Using a hospital-grade pump with appropriate flange size promotes efficient pumping. Single pumping each breast completely is more effective than double pumping partially. Pumping after feedings can remove residual milk.

Drainage With Gravity

Some women use gravity to drain any leftover milk by leaning forward. Others may hand express after nursing or pumping to massage milk down the ducts.

Time Between Feedings

Aim for at least 2-3 hours between nursing or pumping sessions. Allowing time for milk accumulation promotes fuller drainage at the next feeding.

Hydration and Rest

Good hydration and adequate rest support milk production. Stress inhibits the milk ejection reflex, so relaxation techniques can improve drainage.

How Empty is Empty Enough?

There is no precise way to measure how much milk remains in the breast after feeding or pumping. However, signs of thorough removal include:

– Light, soft breasts after nursing or pumping

– Infant seems satisfied after nursing

– Little or no leakage between feedings

– Pumping yields little after 15 minutes

As long as the infant receives sufficient milk, and weight gain is on track, drainage is likely sufficient. Any remaining milk helps maintain ongoing milk synthesis.

When to Worry About Incomplete Emptying

In some cases, incomplete drainage can cause issues:

– Discomfort, leaking, plugged ducts, or mastitis due to milk buildup

– Poor weight gain in the infant suggesting insufficient milk transfer

– Decreasing milk supply from lack of milk removal

If any of these occur, speak with a lactation consultant. They can assess breastfeeding, pumping, and the baby’s intake to determine if there is a problem with drainage and how to address it.


While no mother can completely empty her breasts, understanding milk production and removal can help optimize drainage. Allowing sufficient time between nursing or pumping, using effective techniques, and recognizing signs of thorough removal all help clear the breasts as thoroughly as possible. This maintains comfort and milk supply while ensuring baby gets the milk they need to thrive.

Frequently Asked Questions

Why do some women leak milk all day if breasts aren’t full?

Some women may continually leak small amounts of milk even when the breasts feel soft. This results from an overabundant milk supply and high baseline prolactin levels. The best solution is to pump to comfort to avoid engorgement and gradually decrease production to match baby’s needs.

Do fuller breasts make more milk than emptier breasts?

Actually, milk production relates to how much milk is removed over time, not how full the breasts become. Overly full breasts can lead to blocked ducts and mastitis which inhibits milk synthesis. The emptier the breasts at the end of a feeding, the more milk they can accumulate for the next feeding.

Will my milk supply decrease if I can’t fully empty my breasts?
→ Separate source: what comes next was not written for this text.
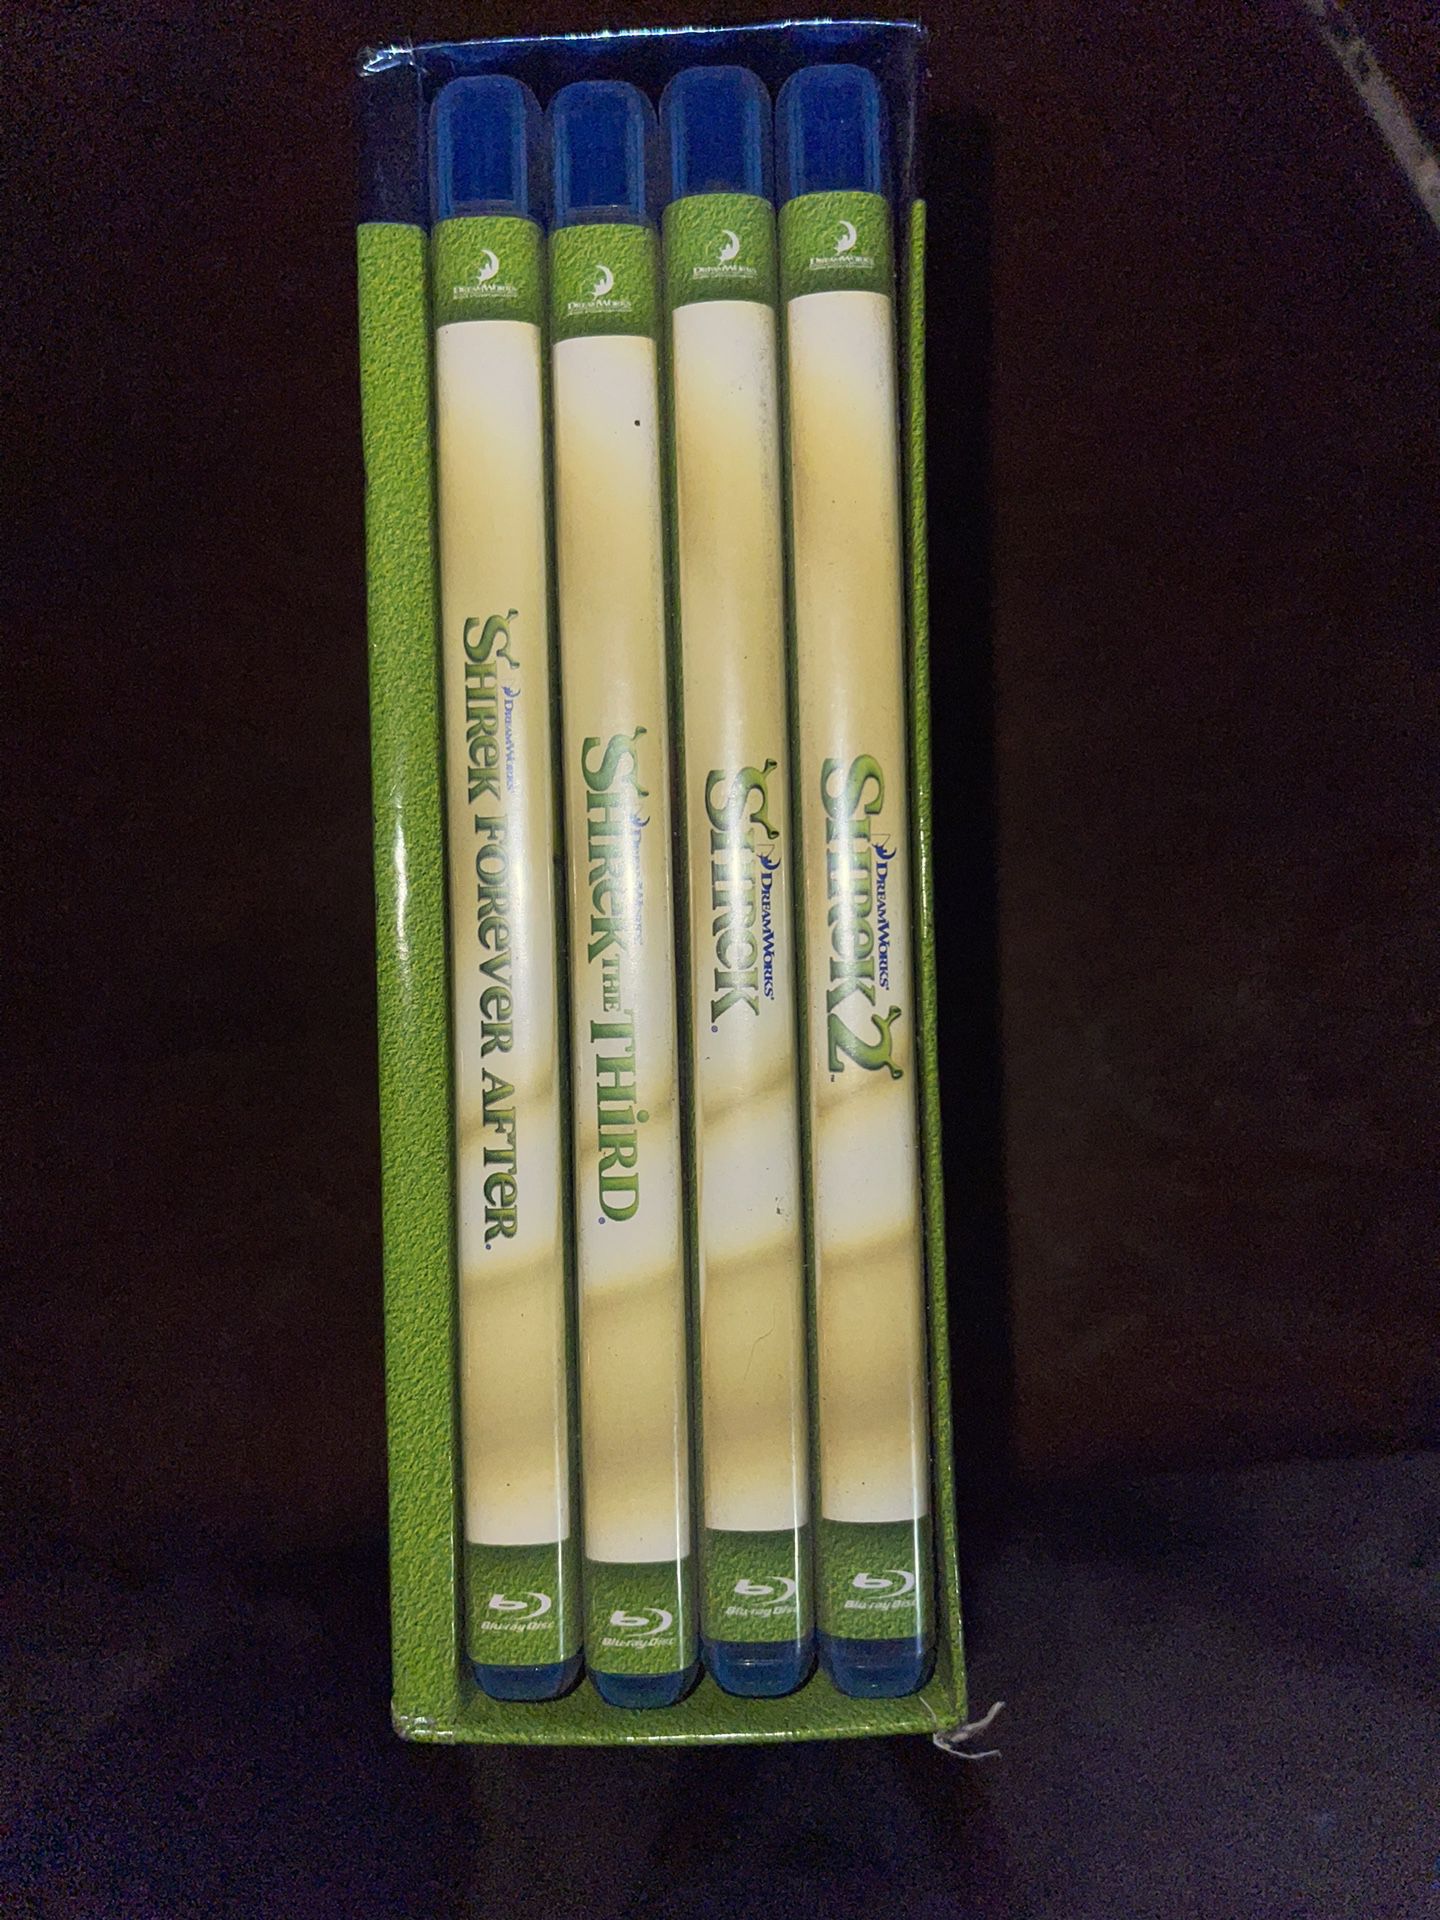 Shrek Blu Ray Collection

As long as your breasts feel softer after feeding/pumping, and your infant is gaining weight normally, your supply should stay ample. The key is ensuring complete removal at each session, not necessarily achieving 100% emptying which isn’t possible. Talk to a lactation consultant if you have any concerns.

Should I pump after nursing to get more milk out?

Pumping after nursing can help drain any milk leftover in the breasts. This may provide comfort if the breasts don’t feel well-emptied. But routine pumping after nursing signals the body to overproduce milk. Only pump after feedings if necessary for comfort or if your baby is not gaining weight well.

Is it normal for pump output to decrease over a pumping session?

Yes, it’s very normal for pumped milk volume to decline after the first few minutes once the ejection reflex finishes. Remaining pumping helps drain any residual milk in the breast but won’t continue ejecting large volumes. Pay attention to when pumping output slows and switch breasts as needed.